What are the implications for public health practice?
Because the health consequences can be substantial in these resource-limited settings, Pacific Island nations might consider planning for future dengue outbreaks by enhancing surveillance activities, ensuring laboratory testing capacity, and developing and testing outbreak response contingency plans.
Alternate Text: The figure above shows the number of suspected dengue cases (n = 728), by rapid diagnostic test (RDT) result and week of clinic visit in Kosrae State, Federated States of Micronesia during 2012-2013. Of 728 patients tested by RDT, 206 (28.3%) had positive results.
* Per 1,000 population
Alternate Text: The figure above shows the number (n = 728) and rate of suspected dengue cases, by age group and rapid diagnostic test (RDT) result in Kosrae State, Federated States of Micronesia during 2012-2013. The persons most affected by the dengue outbreak were aged 15-39 years. The 20-24 year age group had the high¬est suspected dengue case rate at 171.5 per 1,000 population; the 35-39 year age group had the highest RDT-positive dengue case rate at 83.6 per 1,000 population. The least affected age group was 0-4 years (62.7 suspected and 1.3 RDT-positive cases per 1,000 population, respectively).
Abbreviation: WHO = World Health Organization.

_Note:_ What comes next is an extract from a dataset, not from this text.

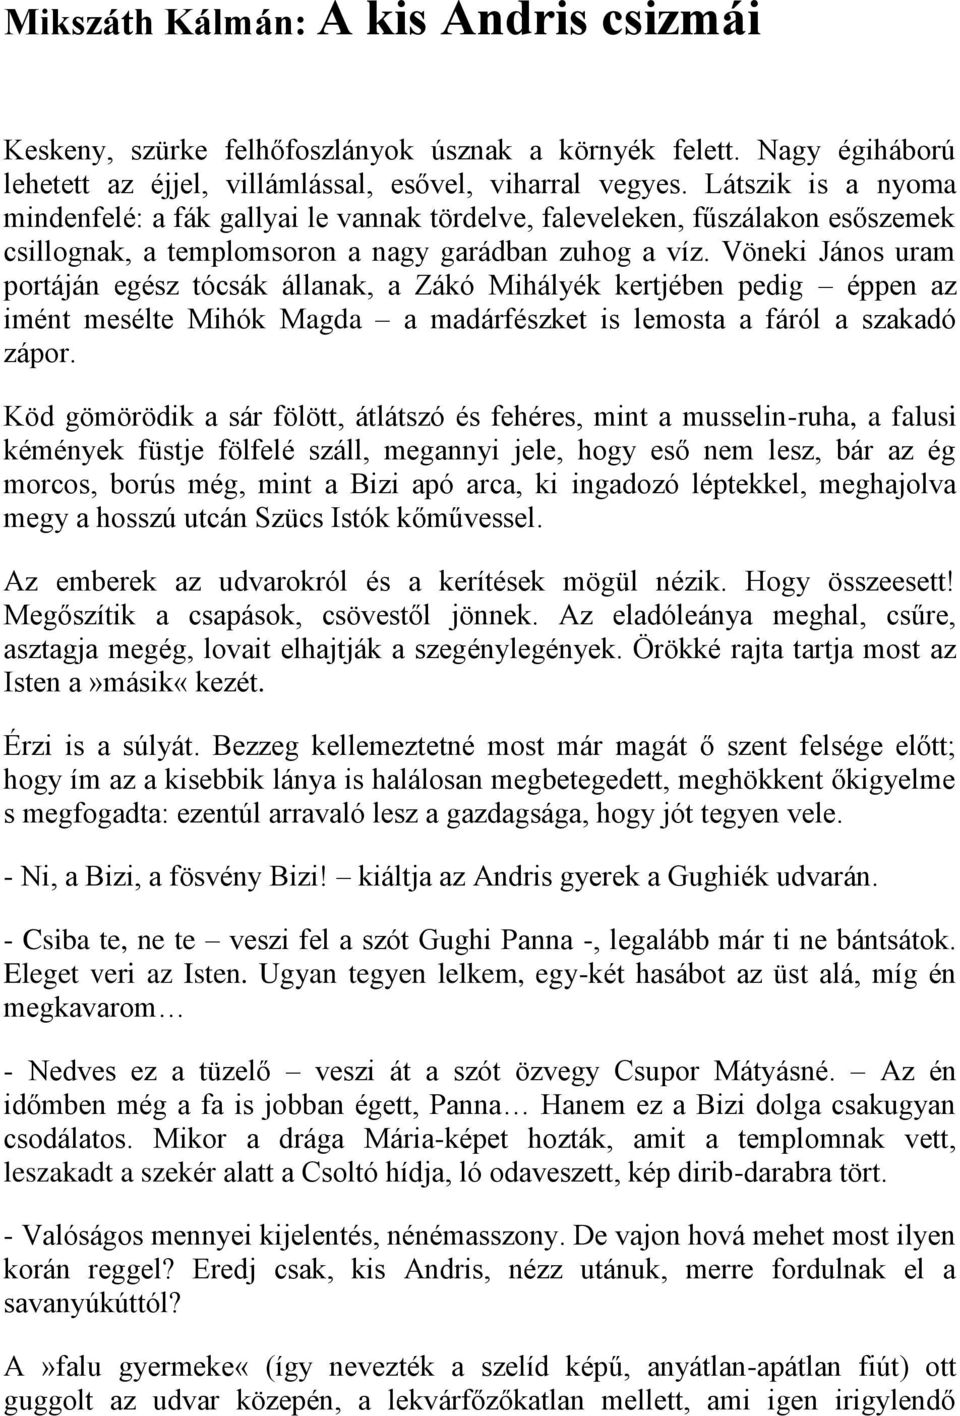 Mikszáth Kálmán: A kis Andris csizmái - PDF Ingyenes letöltés

Alternate Text: The figure above shows the number of suspected dengue cases (n = 728) and hospitalizations, by week of clinic visit in Kosrae State, Federated States of Micronesia during 2012-2013. The dengue clinical management and World Health Organization classification and triage workshops were conducted on October 25, 2012, and corresponded to a substantial decrease in the rate of hospitalizations, from 59.5% in the 2 weeks before the workshops to 24.6% in the 2 weeks after the workshops.